### ASSIGNMENT
Give again, exactly as written, the lines of the records below from the line with "the elements of insanaty pinkis cupcake" to the line with "Desa GCN6 Installation, Check". Both end lines count; pictures do not.

── THE INPUT

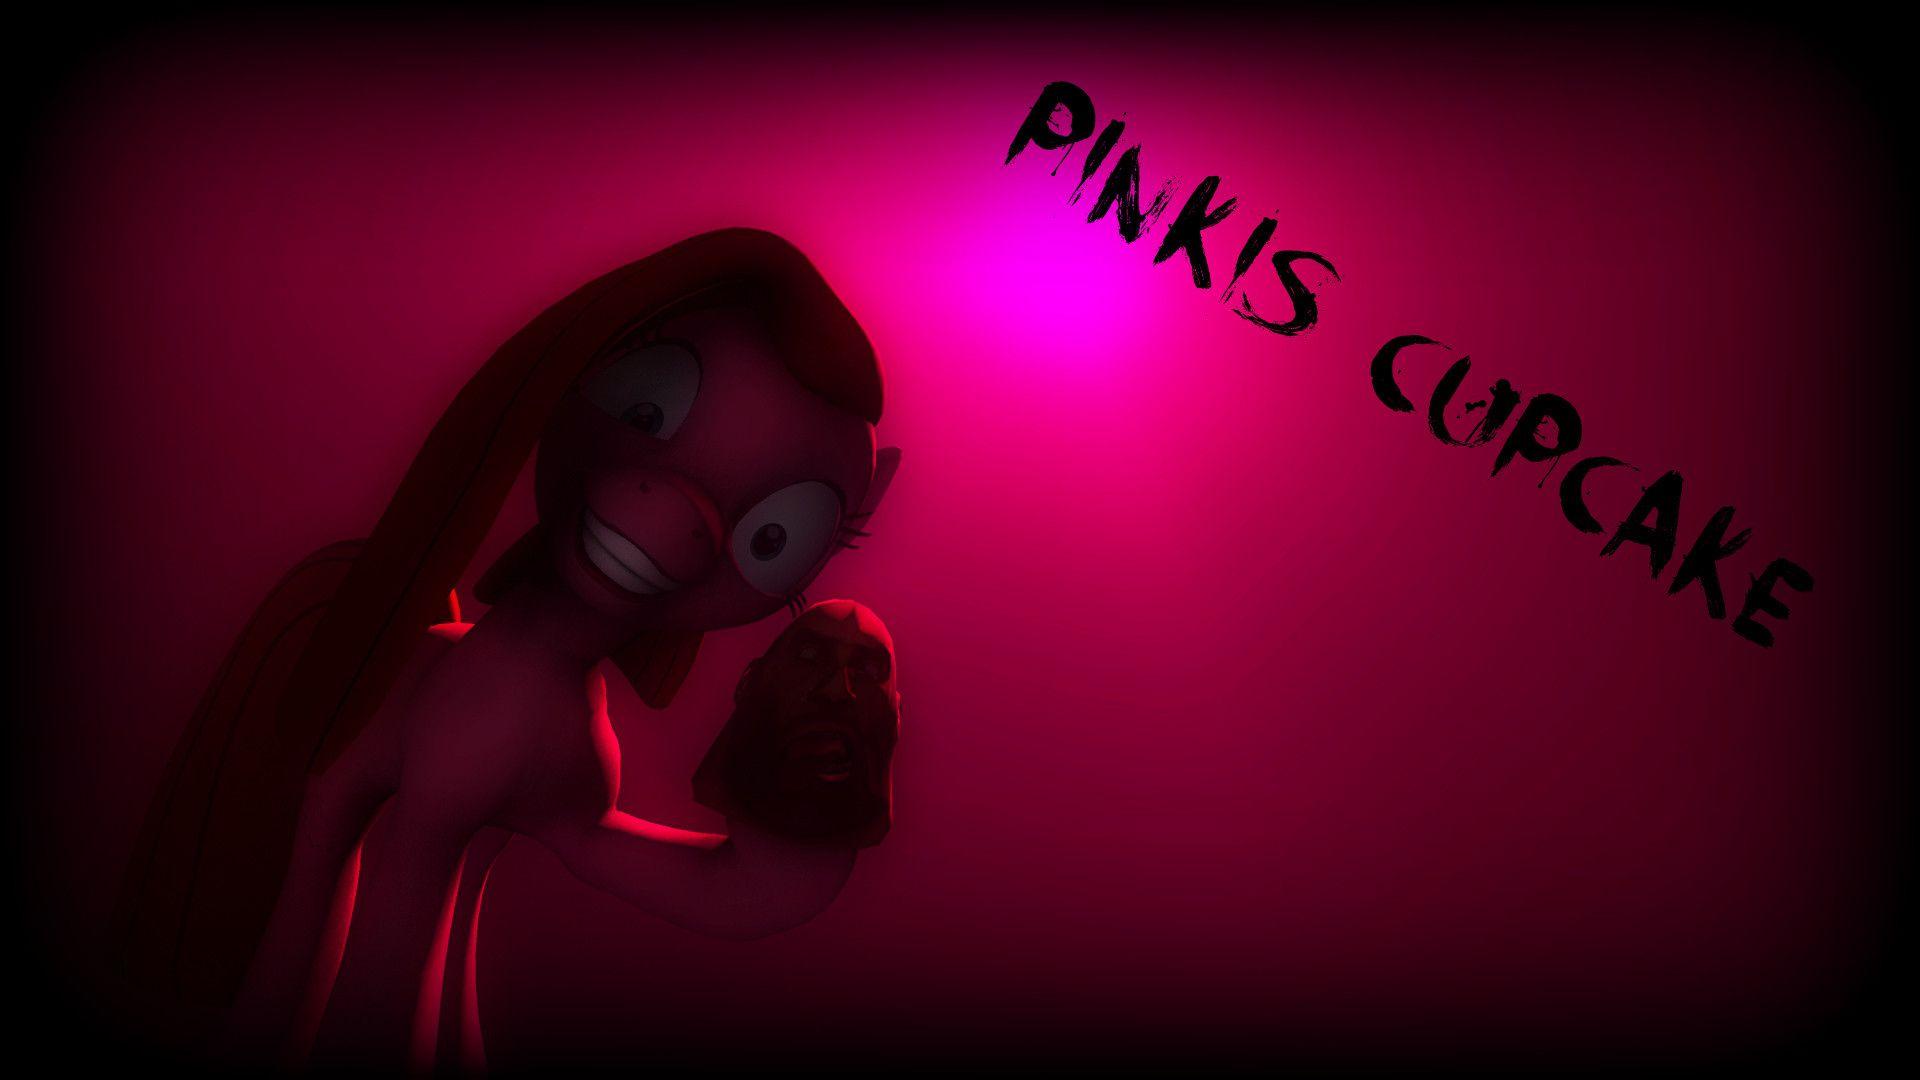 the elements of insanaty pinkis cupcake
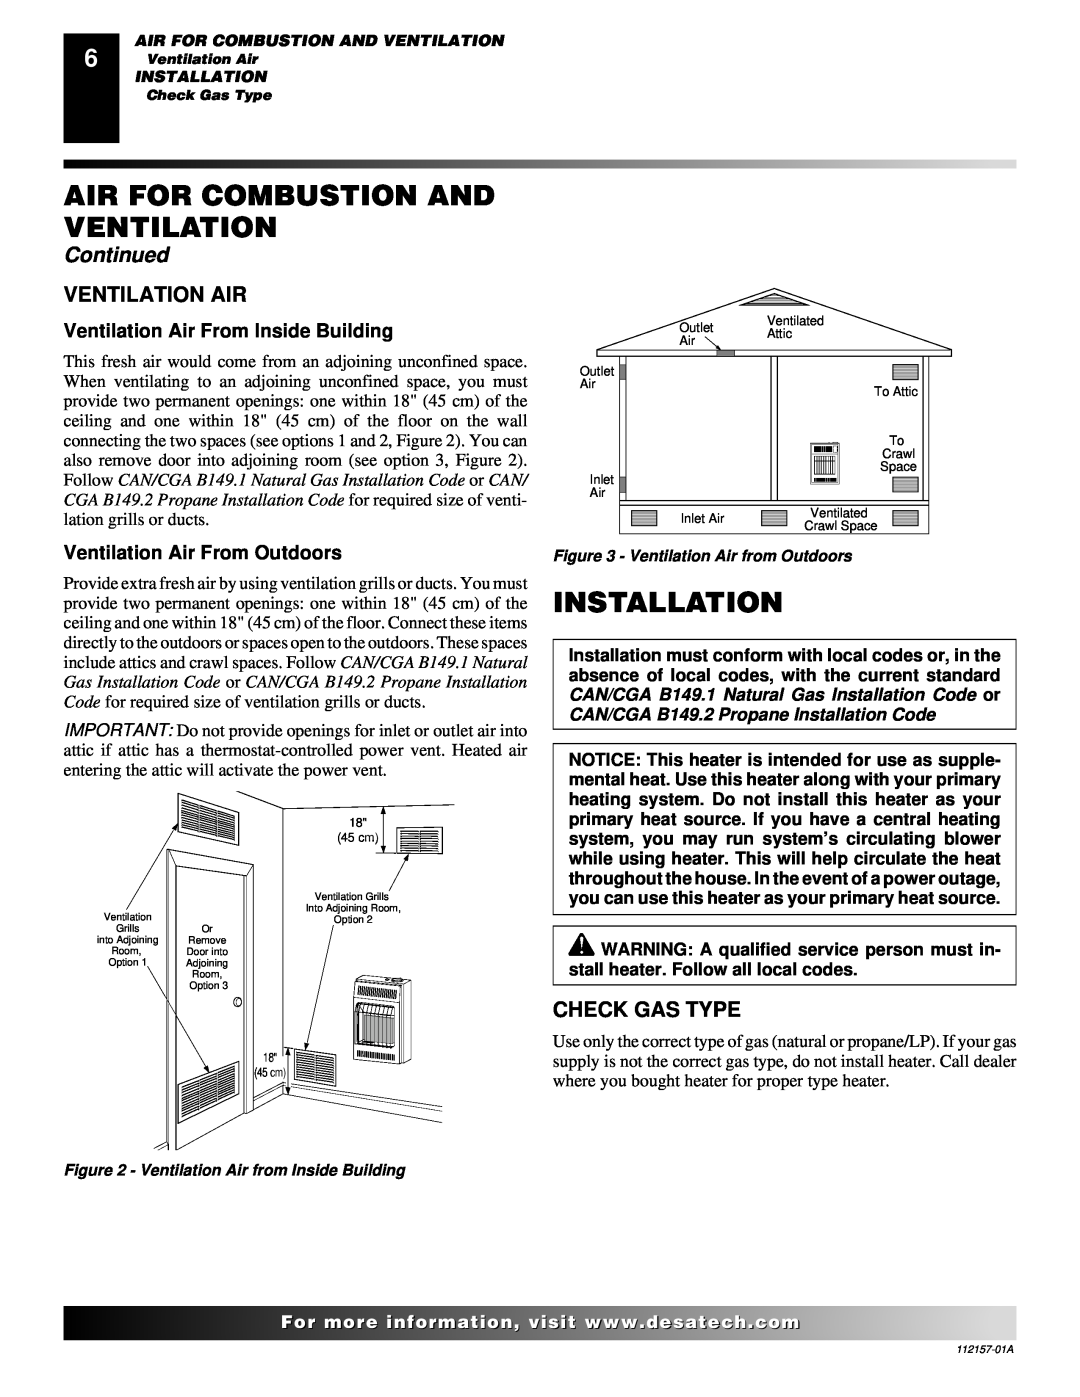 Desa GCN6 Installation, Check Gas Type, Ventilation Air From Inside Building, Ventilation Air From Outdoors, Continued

────
── THE INPUT

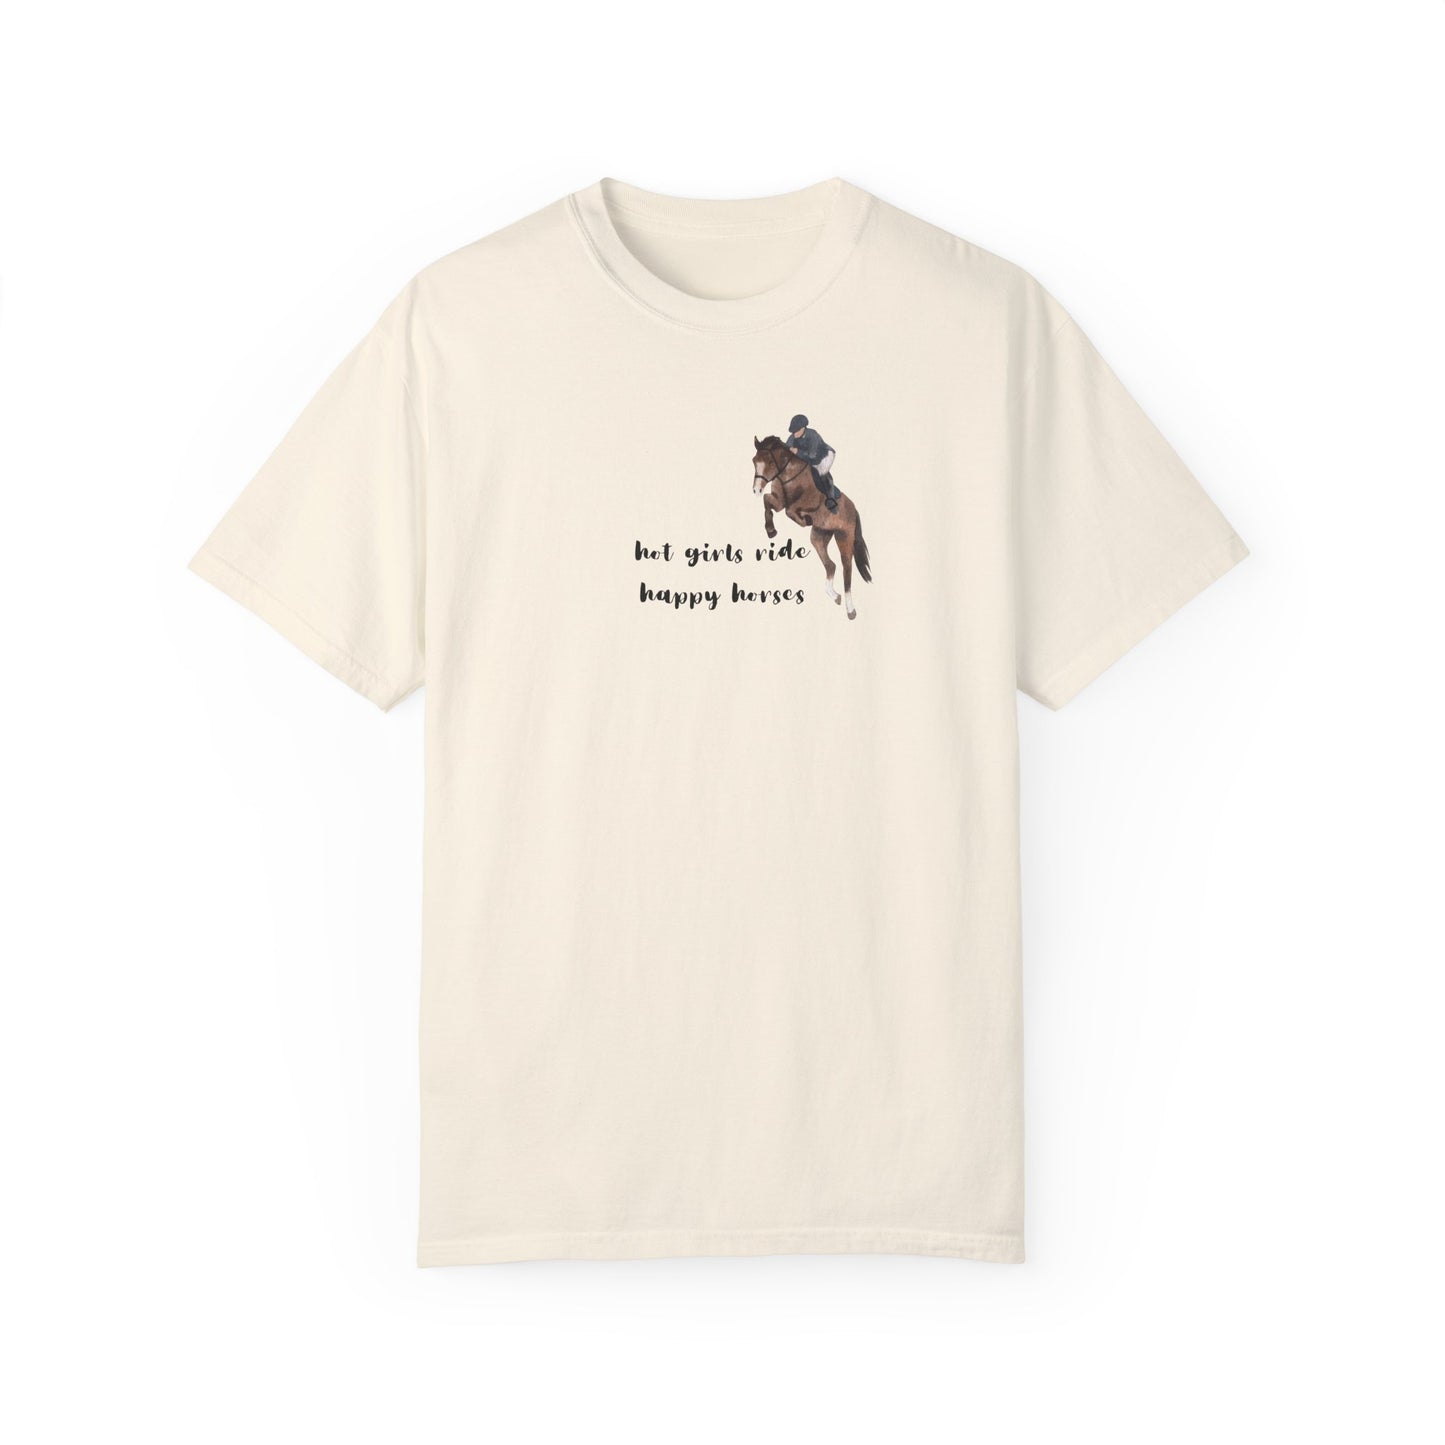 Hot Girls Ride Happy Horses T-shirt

────
── THE INPUT

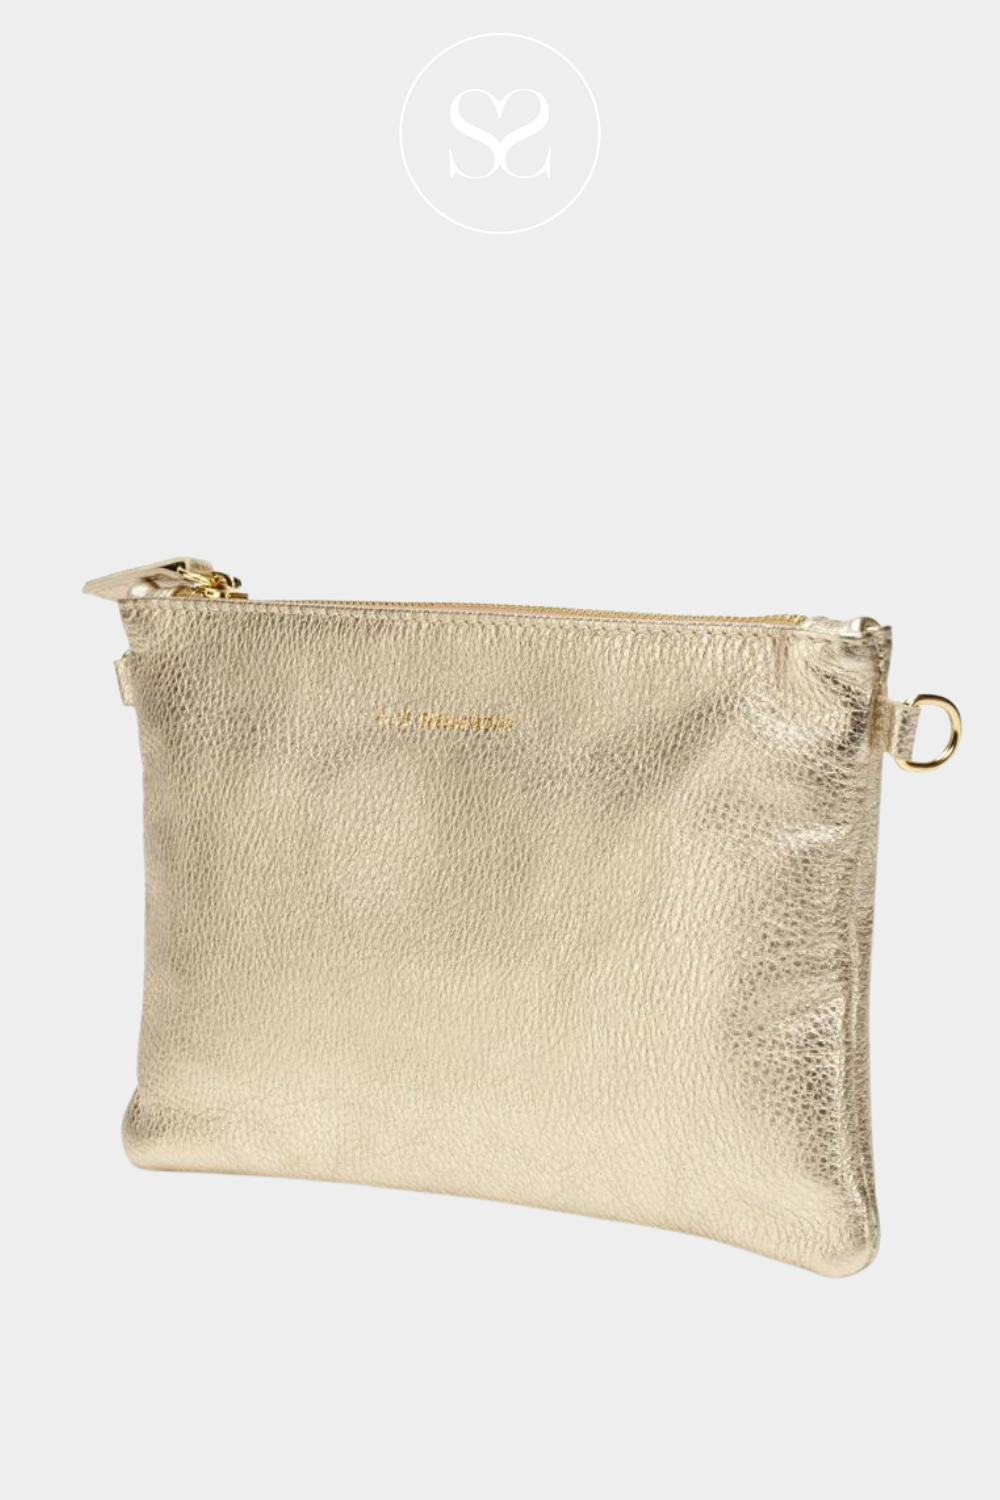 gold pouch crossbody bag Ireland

────

### TASK RESULT
 the elements of insanaty pinkis cupcake
 Desa GCN6 Installation, Check Gas Type, Ventilation Air From Inside Building, Ventilation Air From Outdoors, Continued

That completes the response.